= James Wodrow =

James Wodrow (1637-1707) was a minister of the Church of Scotland.

==Life==

He was born at Hill of Eaglesham on 2 January 1637 the fourth son of Robert Wodrow (1600-1672) and his wife Agnes Dunlop. His father was Chamberlain to the Earl of Eglinton.

James was educated at Eaglesham Parish School by John Tran who was later Professor of Philosophy at Glasgow University. James was then sent to Glasgow Grammar School and from there went to Glasgow University graduating MA in 1659.

He was licensed "privately" by nine Presbyterian ministers in Glasgow in February 1673 i.e. the process excluded church elders who were standardly involved in the choice of a minister. In November 1675, still lacking a patron, he became tutor to the family of the Duke of Hamilton.

In 1676 he was denounced by the Presbytery of Glasgow for failing to follow the citations of the Privy Council. He then disappears from records again until August 1688 when he was appointed preacher at the Markdaylay Meeting House in south Glasgow. Only in 1689 was he ordained as a minister, but this was to one of the city's most prestigious churches: the Outer High Kirk housed in Glasgow Cathedral. Four years later, in February 1692, he was Professor of Divinity at Glasgow University in place of Rev Prof James Wemyss DD. He remained in this post until death, but from 1705 was obliged to pay for an assistant.
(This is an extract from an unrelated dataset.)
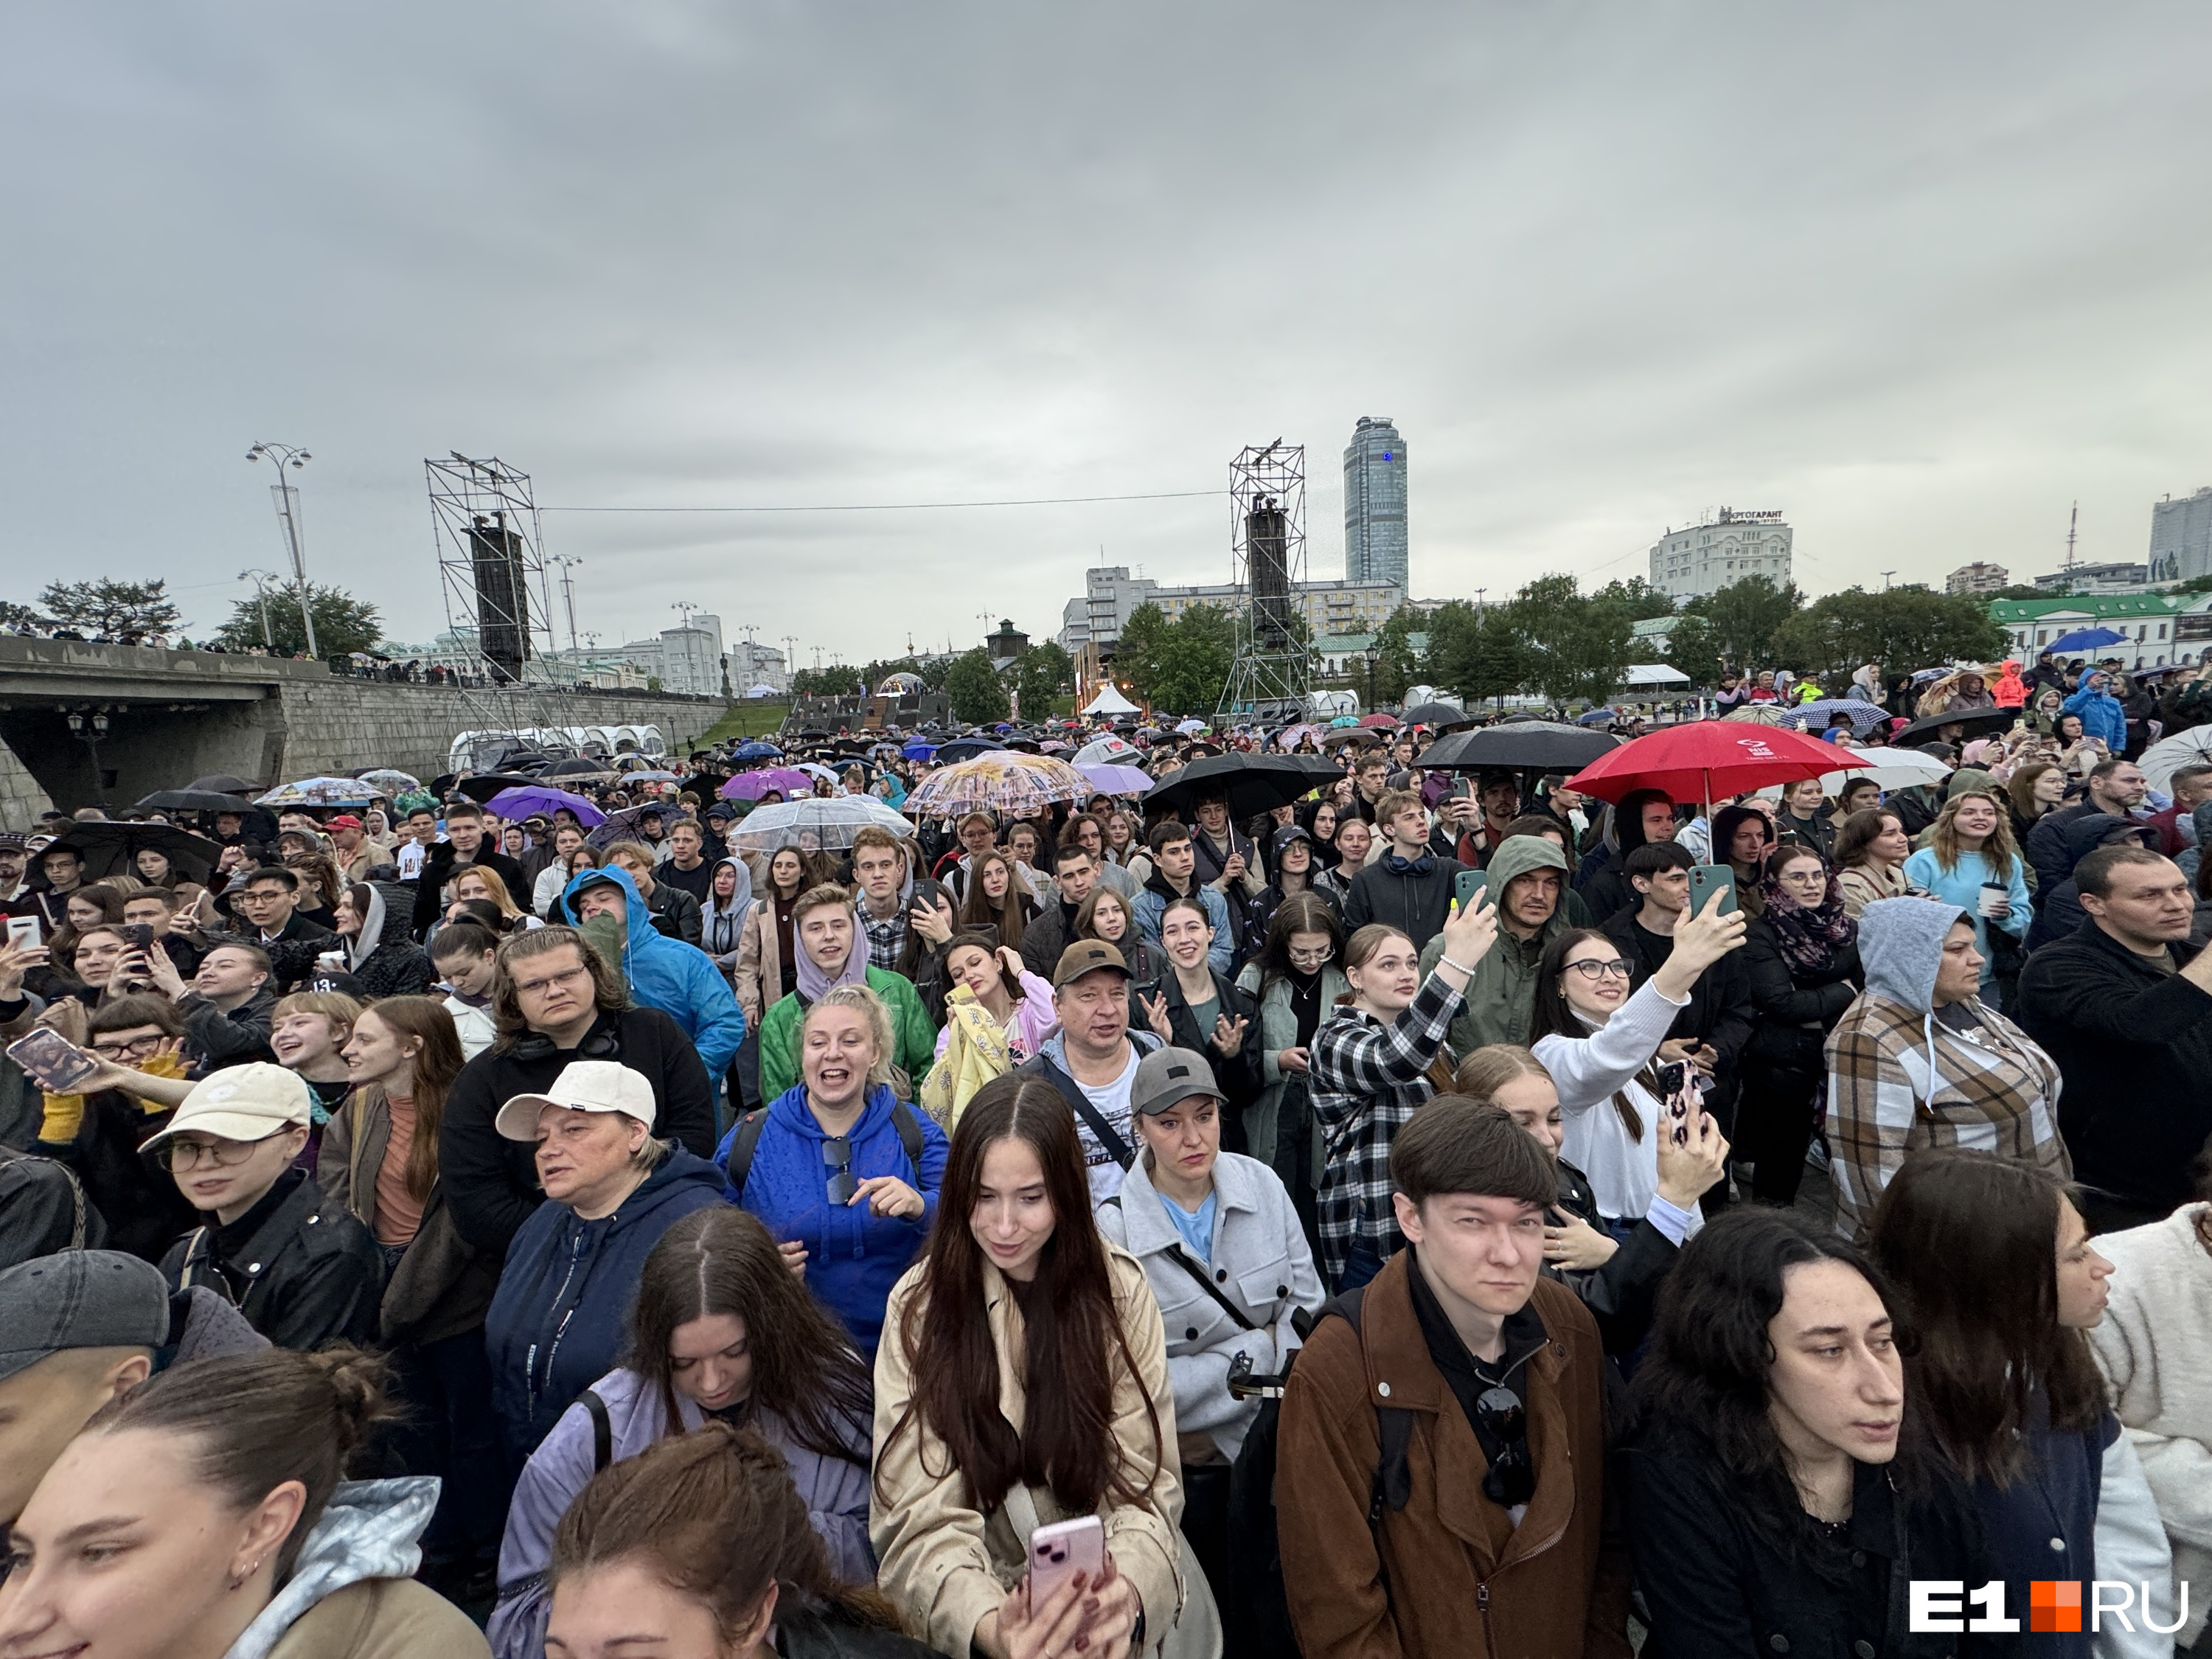 Толпа собралась под сильным дождем в центре Екатеринбурга. Они ждали концерт Uma2rman

He died on 25 September 1707.

==Family==

In 1673 he married Margaret Hair (d. 1688), widow of Hugh Dunlop. Their children included:

- Rev Alexander Wodrow (1674-1706), minister of the Tron Kirk in Glasgow
- Rev Robert Wodrow (1679-1734) historian

In 1692 James Wodrow married Janet Luke eldest daughter of John Luke and had two further children of which only one, John (b. 25 May 1695), lived until adulthood and became a physician ("Life of James Wodrow, AM" by Robert Wodrow, AM (his son) pp121). The footnote listed here is incorrect and conflates information. Best to also look at "Memorials of the Faculty of Physicians and Surgeons of Glasgow 1599 - 1850" by Alexander Duncan, BA pp251

There is direct line from James Wodrow, via his son John, to President Thomas Woodrow Wilson, 28th President of the United States.